# Stained wood soffits - best way for application



## dmac (Nov 14, 2012)

Hi All

I've been painting exteriors for 10 years but don't really do stained houses. This house we start tomorrow has stained wood soffits all the way around, and painted wood for the rest of the house. I bid it for:

1. apply stain & seal remover to soffits & wash
2. apply wood conditioner / brightener to soffits & wash
3. apply one coat of Sikkens Cetol translucent oil sealer to soffits

I can apply the remover/conditioner from the ground using extension poles, but as for the Sikkens final application i'm looking for ideas! 

I don't want to setup an elaborate scaffold setup around the perimeter - just ladders. Best way for application? any ideas? THANKS!!


----------



## MikeCalifornia (Aug 26, 2012)

Are you painting the entire home? Or just the soffits. I would just brush them out.


----------



## journeymanPainter (Feb 26, 2014)

I did something like this in west Vancouver(super rich, super picky) a few years back, scaffold was set up for us, but we brush and rolled the sofits, and sprayed the body.

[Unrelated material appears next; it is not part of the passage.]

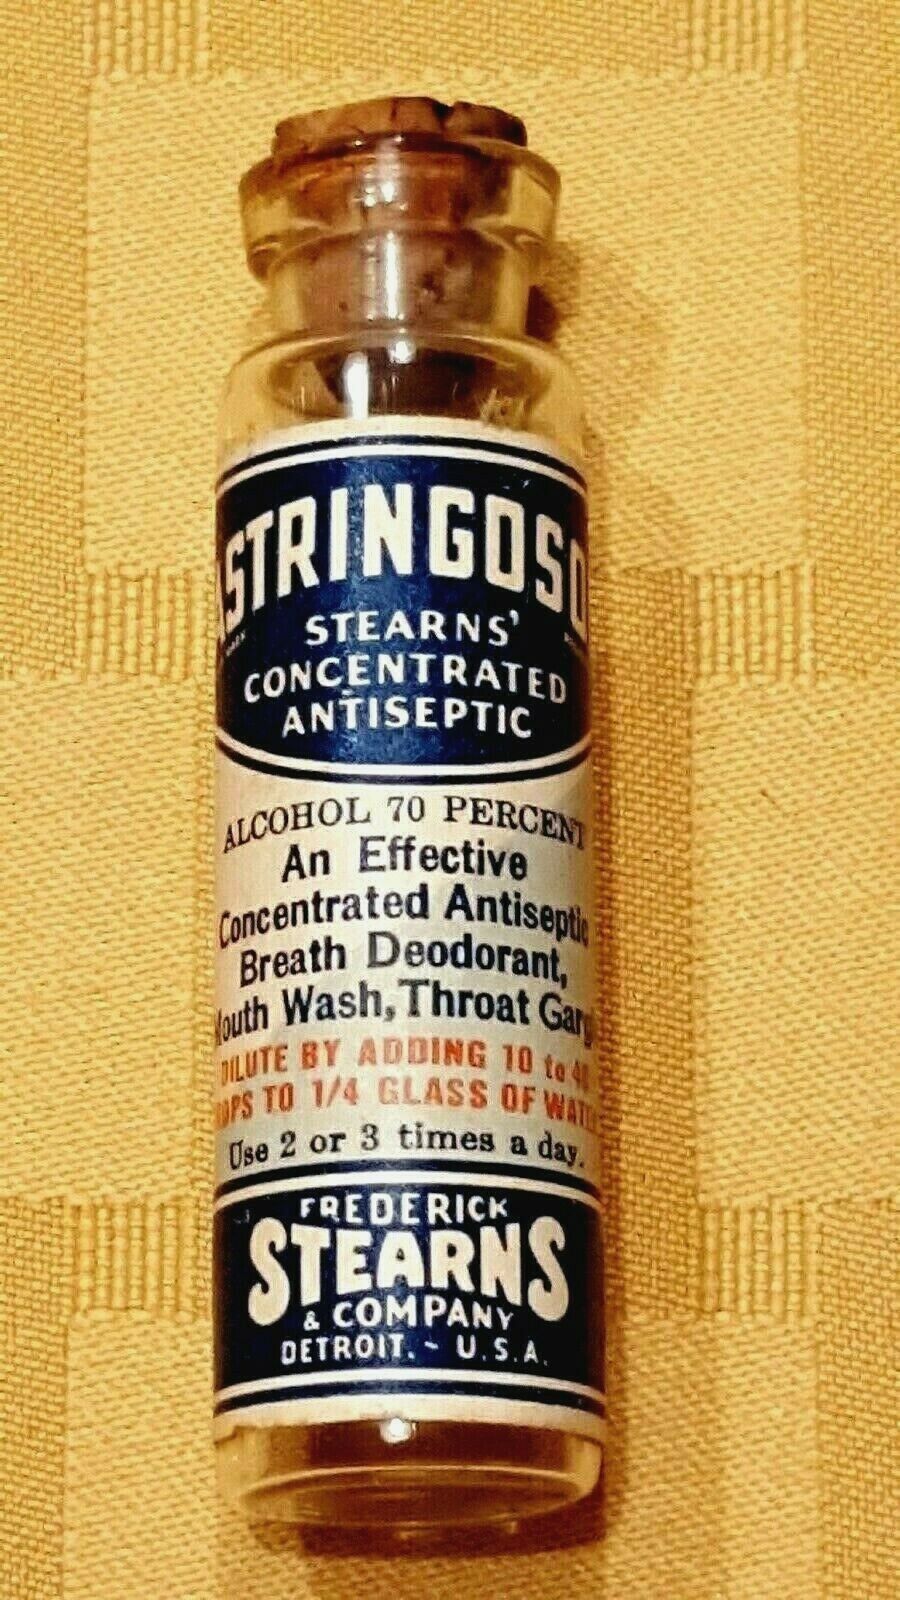 Frederick Stearns & Co. “Astringosol” Concentrated Antiseptic Glass Bottle

Sent from my SGH-T989D using Tapatalk


----------



## Jmayspaint (Mar 26, 2013)

Wrap a strip of rag around the base of your brush. This will help keep the stain from running down your arm as you work


----------



## dmac (Nov 14, 2012)

We're painting the whole house. I'll do soffits first, then stain facia & beams, then lastly paint the house. Probably just brush / roll the whole thing. 

I was thinking about using a pad (woolie?) of some sort to apply the clear coat on the soffits. Wouldn't it be nice if I could do it all from the ground with my extension pole... but it would probably be to messy / uneven. Will probably brush it out. Thanks for the rag suggestion..


----------



## journeymanPainter (Feb 26, 2014)

dmac said:


> We're painting the whole house. I'll do soffits first, then stain facia & beams, then lastly paint the house. Probably just brush / roll the whole thing.
> 
> I was thinking about using a pad (woolie?) of some sort to apply the clear coat on the soffits. Wouldn't it be nice if I could do it all from the ground with my extension pole... but it would probably be to messy / uneven. Will probably brush it out. Thanks for the rag suggestion..


Never done it that way, but with a clear you want even pressure the whole time, so I would make sure your right up to the Soffit so you don't have any misses 

Sent from my SGH-T989D using Tapatalk


----------